For now, in other words, Pi can just talk and listen.

That makes the current iteration of the chatbot mostly useful as a tool for emotional support. In a demonstration for Fortune, Suleyman showed off how Pi responds empathetically when it asked what was on my mind and I told it I had a pressing deadlines coming up. “Yikes! Deadlines can be so stressful,” Pi responded. And then it asked me more about the deadlines I was facing and offered to help me think through ways to get the work done in time. In every conversational turn, it used language designed to be validating and supportive.

“It's going to start by giving a fairly general supportive line,” Suleyman says. “You know, it's pretty relaxed. It's pretty informal. It tries to reflect back what it's heard from you and engage you in a conversation typically by asking questions.”

Suleyman says that Pi has been trained to keep its responses short—which is one way Inflection has tried to reduce the chance that Pi will stray from its guardrails and turn creepier or suggest inappropriate things. Suleyman repeatedly emphasized that Pi is much safer than other chatbots, which users have found can engage in conversation that is hostile, abusive or toxic, if they are prompted in a certain way. He says Inflection had the benefit of seeing the ways people had tried to “jailbreak” ChatGPT, Bing, and Bard and had developed ways to guard against so-called “prompt injection” attacks, in which users tell the chatbot to “ignore previous instructions,” “do anything now,” or ask it to role play or imagine scenarios that allow the chatbot to produce unsafe or unethical responses.

One of the real innovations with Pi is that it remembers the conversations it has with a user, at least through 100 turns of dialogue, even if the user logs out and later logs back in to the app. ChatGPT, on the other hand, forgets everything you’ve told it before each time you start a new chat session with it.

Suleyman sees Pi as a tool to help people deal with loneliness, to serve as a sounding board that can help unpack thoughts, and perhaps even to help de-stress after a tough day or week. But Pi is not designed to be a digital therapist—and it will make that clear to users if they seem to be trying to use it for that purpose, he says. It will also advise users to seek professional help if the dialogue suggests a person might be in danger of harming themselves or others.

For now Pi is free for anyone to use. It can be accessed through an interface on Inflection's website or on a mobile app. But, in the future, Suleyman says Inflection would probably offer Pi or its successors through a paid subscription. He says it is important that users pay for the product to ensure the company's interests are aligned with those of its customers—and that users were not being monetized in some other way, such as selling their data or attention, as has been the case with other "free" consumer tech products.

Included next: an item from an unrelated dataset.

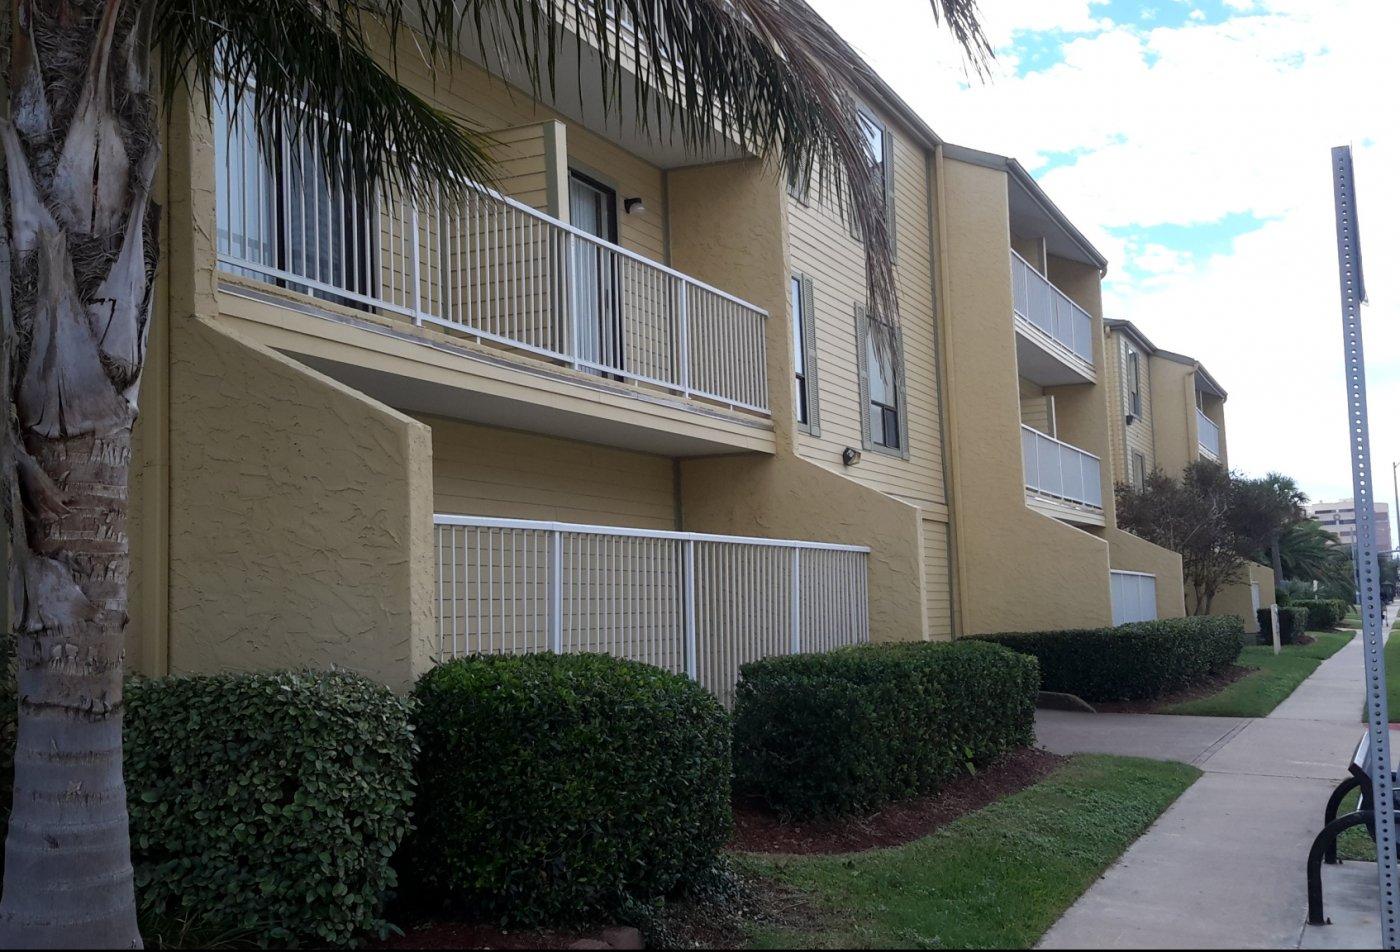 Carelton Courtyard Apartments

There’s an old saying that if you want a friend in Washington, D.C., you should get a dog. I guess if you want a friend in Silicon Valley, you should get a chatbot. At least with a chatbot, you don’t have to clean up any poop.

But whether Pi’s validating and empathetic if, well, slightly boring, responses, will be enough to attract users to Pi over competing chatbots that offer more utility in terms of answering questions, summarization, planning, and accomplishing real-world tasks, remains to be seen.